Dipole speaker wall treatment (for Quad, Magnepan, Martin-Logan, etc)


Next year I will relocate and create a dedicated listening room, and want to get the design right.

I have read two books on acoustics, scoured online forums and articles, and checked several websites of manufacturers (RPG, Real Traps, A/V Room Service, etc) finding mountains of information on acoustical treatment for conventional box speakers. But I have not found one bit of information regarding how to treat the wall BEHIND dipole ESL's.

The manual for my Quad 2905's merely suggests setting the units at least two feet away from that wall, with 5~20 degrees of toe-in.

Quad-hifi.UK informed me only that their engineers treat their test room front wall with the same egg-shaped foam used in their box speakers (!) - but did not suggest that for everyday listening - and steered me to yet another acoustical engineering book. (I suppose I could purchase a bunch of Quad box speakers and rip out the foam, but that solution seems a bit, ah, over-refined.)

Understanding that much of dipole spaciousness results from the the out-of-phase back-wave reflecting from the wall, I would not want to deaden that reflection too much. Nor would I expect wall treatment to improve imaging, but I don't want to further blur it. (Current setup is three feet from a brittle plaster wall built in 1913, and imaging is vague.)

I'm hoping some of you dipole owners can share results from experimentation with various wall treatments that absorb, reflect or diffuse that back-wave.

Thanks for any input.


1 Answer

  • In general, dipoles require less acoustical treatment than other speaker designs, in fact, the treatment that works for boxes tends to suffocate them. Most dipole owners prefer diffusion at the first reflection points behind the speakers -- that is, the points at which you see the speaker reflected in a mirror when you're sitting in the listening position. A QRD diffuser should work.

    Dipoles don't generally require treatment on the sidewalls, because they radiate less sound to the sides. You can experiment. No treatment on the floor or ceiling, though a carpet or rug is OK.

    Other things you'd want to consider are bass trapping -- dipoles are less likely to excite bass modes but they still do excite some, depending on orientation. Also whatever HF absorption you need to get a good balance. Rear wall absorption if you sit very close to it, maybe diffusion if you don't, plus whatever diffusion you need to get rid of slap echo.

    Since it's a custom room, remember that the first rule of amazing dipole listening is BIG! The image keeps getting more impressive until they're at least 15' off the front wall. But the minimum you want to aim for is 5'. The further out they are, the more depth you'll get.

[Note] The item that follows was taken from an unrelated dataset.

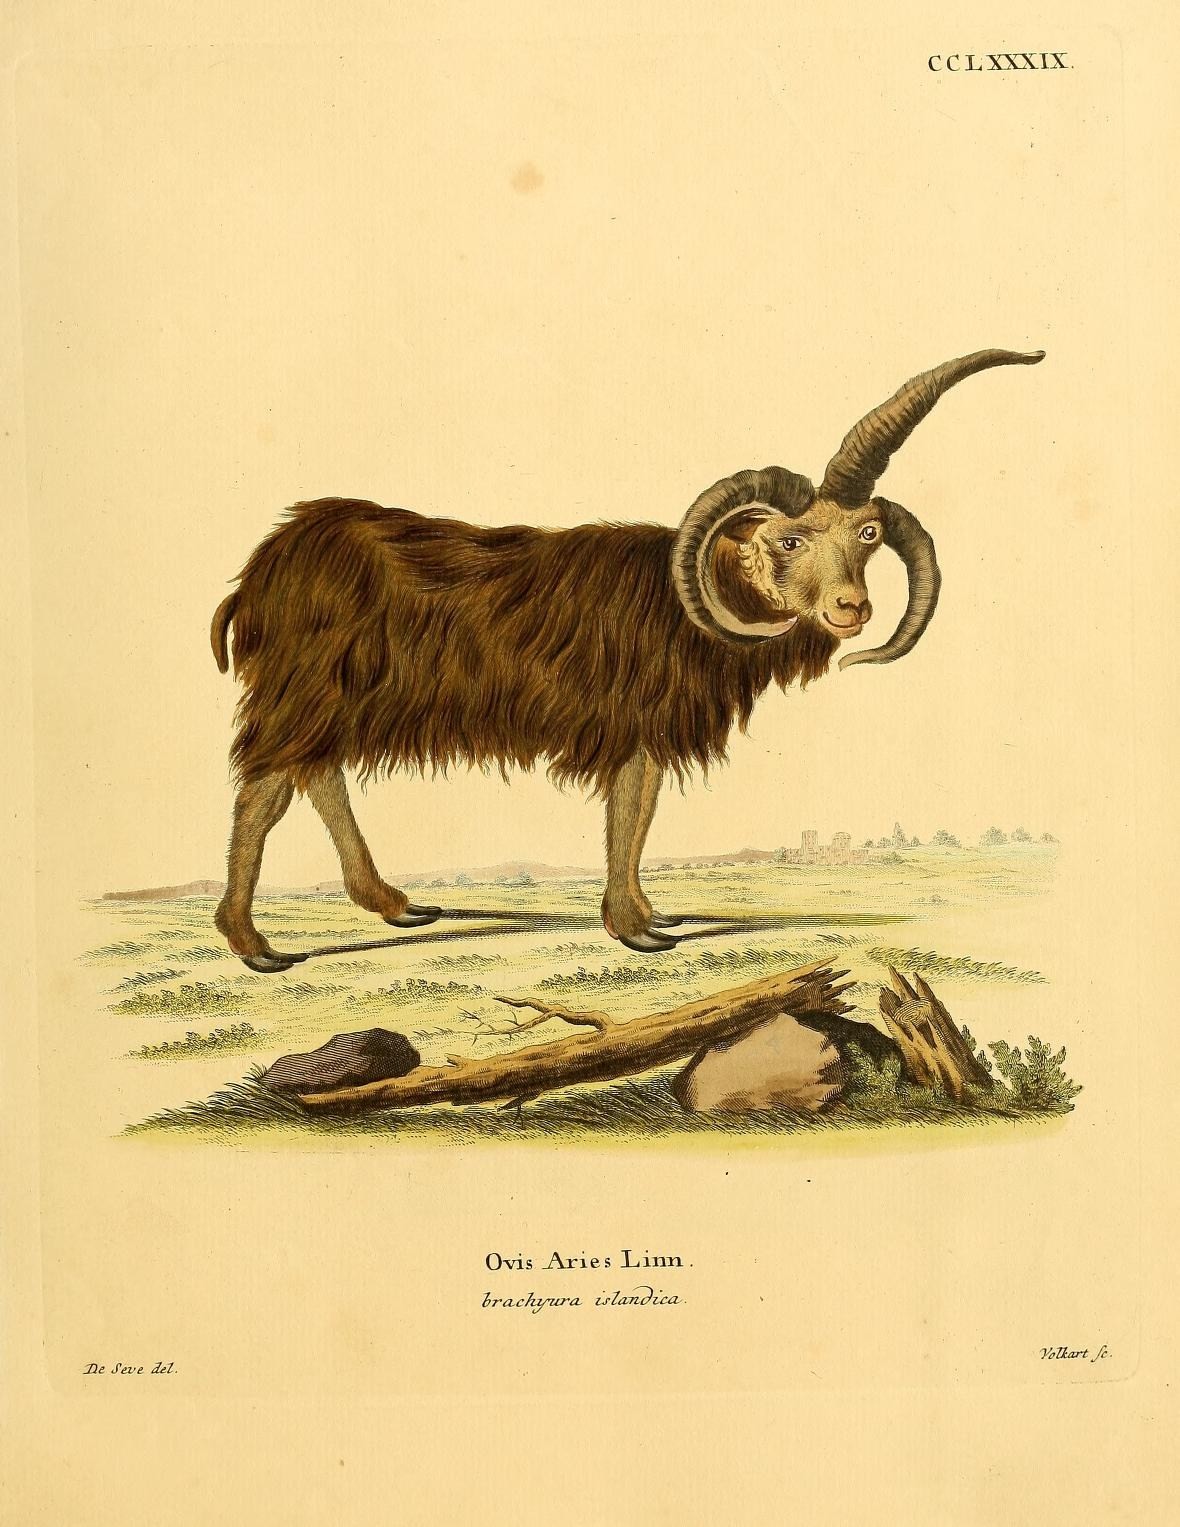 an illustration of a long horned animal standing next to another creature

    Front wall itself should be (aside from the diffusers) a flat plane. Maybe a bit rough, e.g., brick, but no real features, dipoles are like sonar. If you can, make the wall pretty wide as well, the sound will start to wrap in where it hits the side wall. It might be advantageous in that case to experiment with diffusion or absorption at the corner reflection, which is a second reflection (speaker to front wall to side wall to ears). With dipoles, this is generally more significant than the sidewall first reflections since it isn't in the dipole null.

    As with any room, go for a rectangle, non-parallel walls cause more trouble than they're worth. A custom room can have bass trapping built in very economically, I'd look into that. I'd prefer wood for the floor, build a raised one if you have concrete. Don't go for a cathedral ceiling or anything like, just a flat one, and don't go for a high one, line source dipoles work best if they touch both floor and ceiling. Just make sure it has enough height for Acoustats, which I think are the tallest speakers commonly seen (about 8').

    Finally, don't make the common mistake of putting your equipment racks between the speakers. Sometimes you can get away with this with dipoles if they're low, but remember the sonar effect -- they can interfere with the imaging of any speaker. They're better put on the side or at the rear of the room.